Brouhard et al. also observed several other interesting properties of XMAP215. First, it forms a 1:1 complex with tubulin, even in the presence of excess tubulin. This 1:1 stoichiometry is supported by gel filtration, analytical ultracentrifugation, and single molecule fluorescence intensity measurements, and it matches the 1:1 binding of tubulin to the budding yeast XMAP215 homolog Stu2p (a dimer containing four TOG domains) (Al-Bassam, 2006). Second, like Stu2p, the elongated XMAP215 molecule undergoes a substantial compaction when it binds a tubulin dimer, possibly wrapping around the dimer. Third, XMAP215 molecules undergo one-dimensional diffusion on the microtubule lattice, a property reminiscent of several other proteins—such as Kif1A, MCAK, the Dam1/DASH complex—and expected to increase their rate of targeting to microtubule ends (Helenius et al., 2006). Fourth, in the absence of free tubulin, XMAP215 depolymerizes microtubules. This reversibility suggests that XMAP215 acts like a traditional catalyst, capable of promoting either assembly or disassembly by stabilizing a high energy transition state on the biochemical reaction pathway for tubulin addition.
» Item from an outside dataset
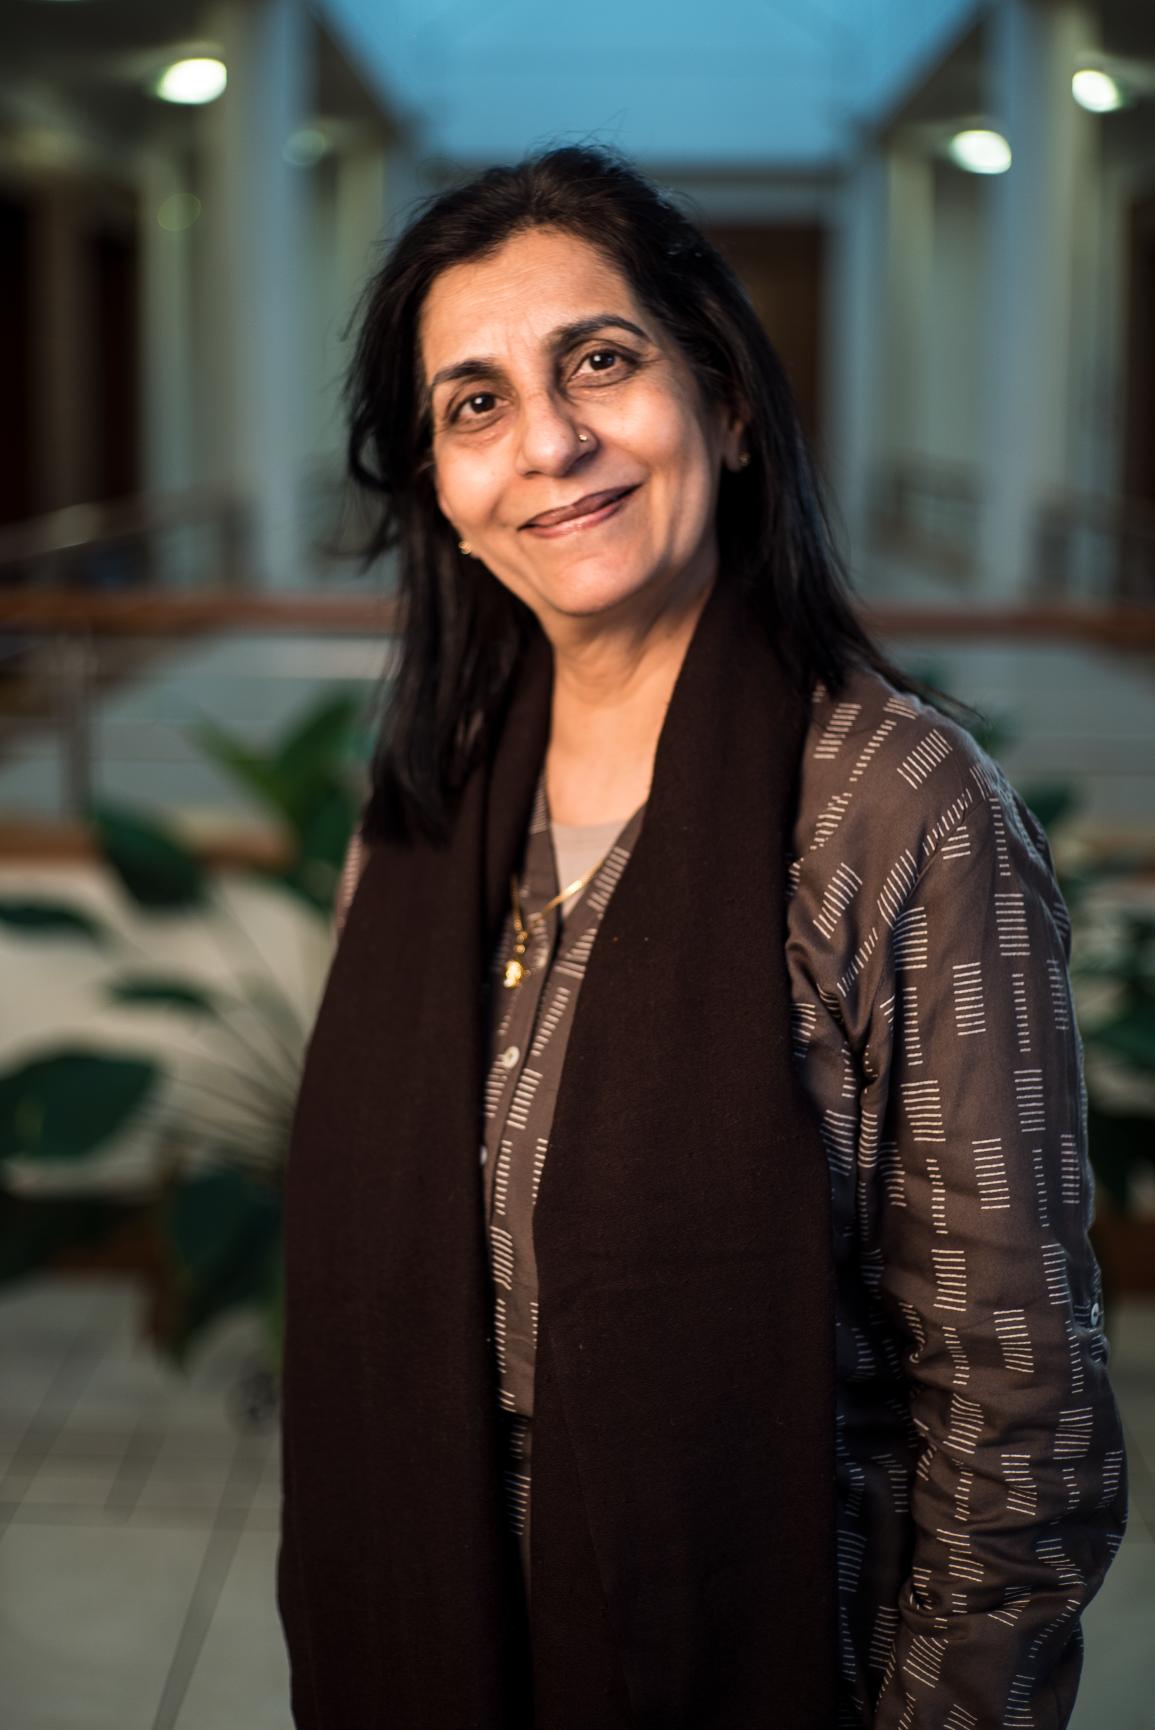 Nisha Tandon OBE, Founder and Director of ArtsEkta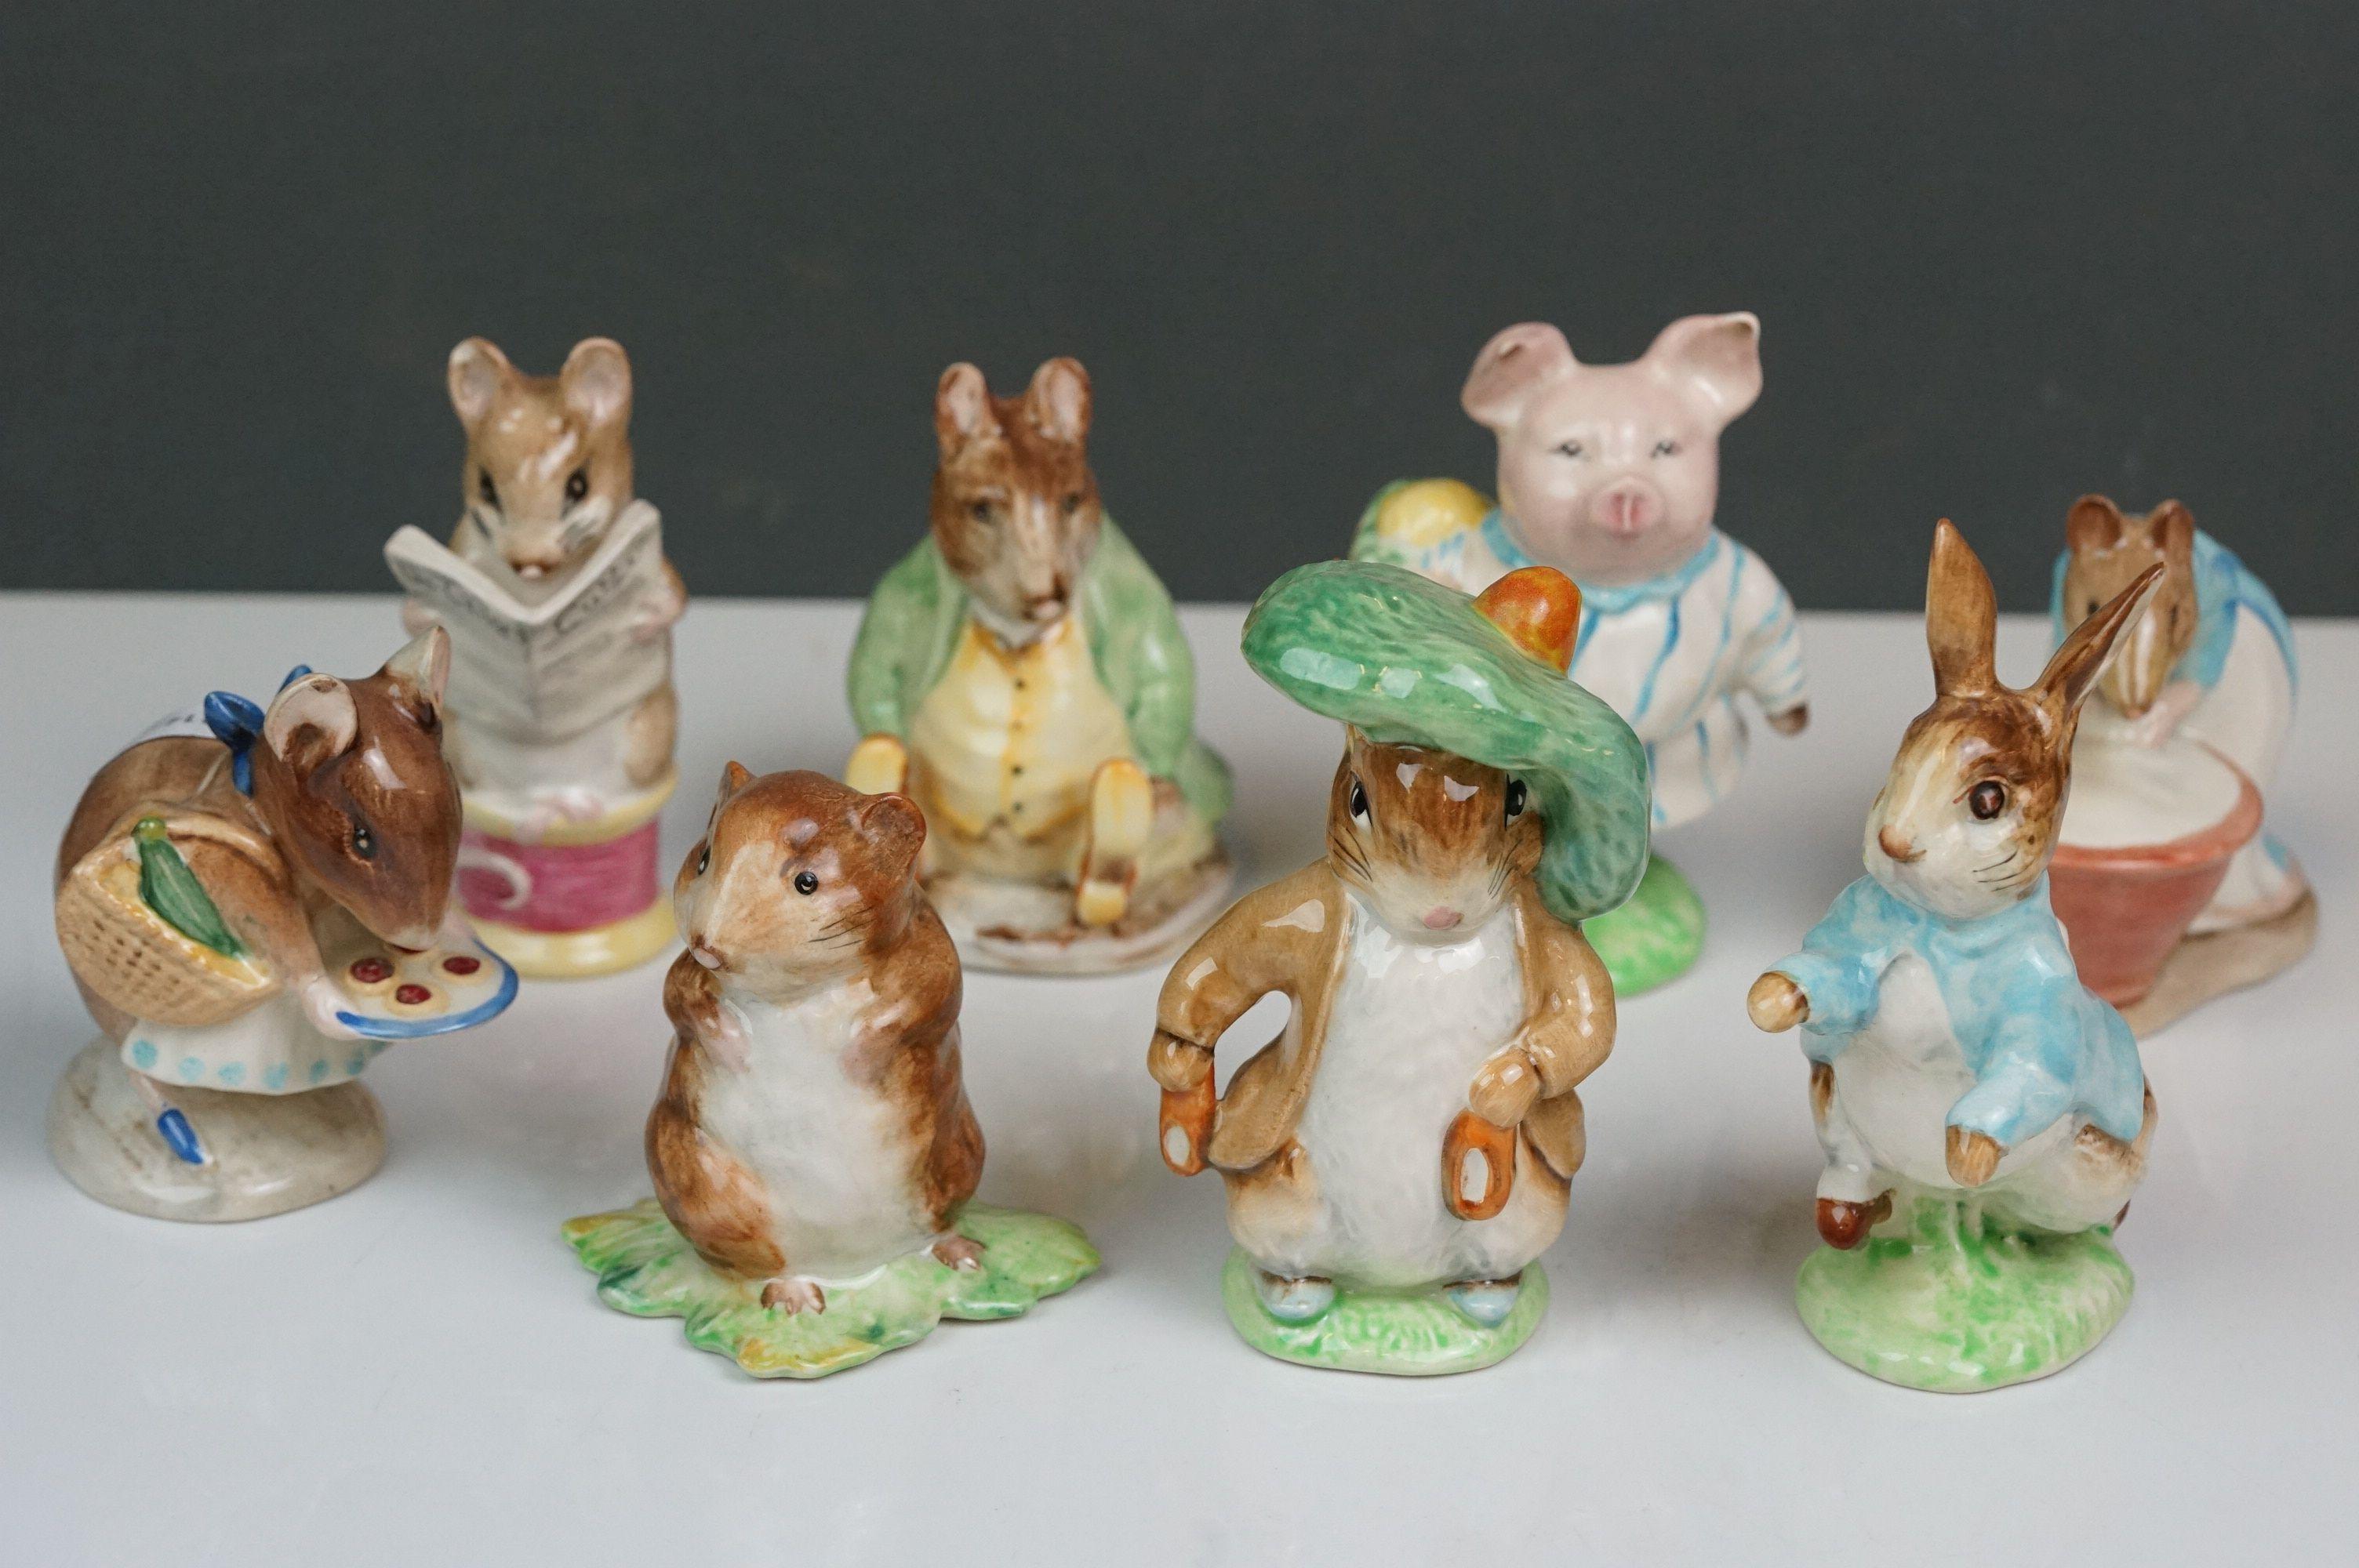 Eight Beswick Beatrix Potter figures comprising Appley Dapply; Timmy Willie; Peter Rabbit; Samuel

Based on their observations, Brouhard et al. (2008) argue that XMAP215 does not act as a template to promote the pre-assembly of tubulin protofilaments but rather acts as a processive polymerase, catalyzing the addition of ≥ 25 tubulin dimers as it moves with an assembling microtubule tip. The 1:1 stoichiometry of the XMAP215:tubulin complex is perhaps the best evidence against the template model. However, it is important to note that the stoichiometry of the XMAP215:tubulin complex was measured under conditions where microtubules do not assemble. The movement of tip-bound XMAP215 molecules with growing tips strongly suggests processive assembly catalysis. An additional argument for processive catalysis is based on a diffusion-based mass transfer calculation showing that end targeting of an XMAP215 molecule via lattice diffusion is too slow to account for the rate of tubulin addition at the tip. However, some XMAP215 appears to bind the tip directly i.e., without first diffusing on the lattice (see Figure 2C). Any population of XMAP215 that is targeted directly to the tip is ignored in the mass transfer calculations but in principle could account for the discrepancy between growth rate and targeting via lattice diffusion. Nevertheless, the hypothesis of a processive assembly catalyst is compelling.

Many questions remain about how XMAP215 and its homologs function in cells and how they are regulated. The approach taken by Brouhard et al. (2008) of reconstitution from pure components followed by interrogation using single molecule techniques will undoubtedly be crucial for uncovering in mechanistic detail how these and other tip-binding proteins work.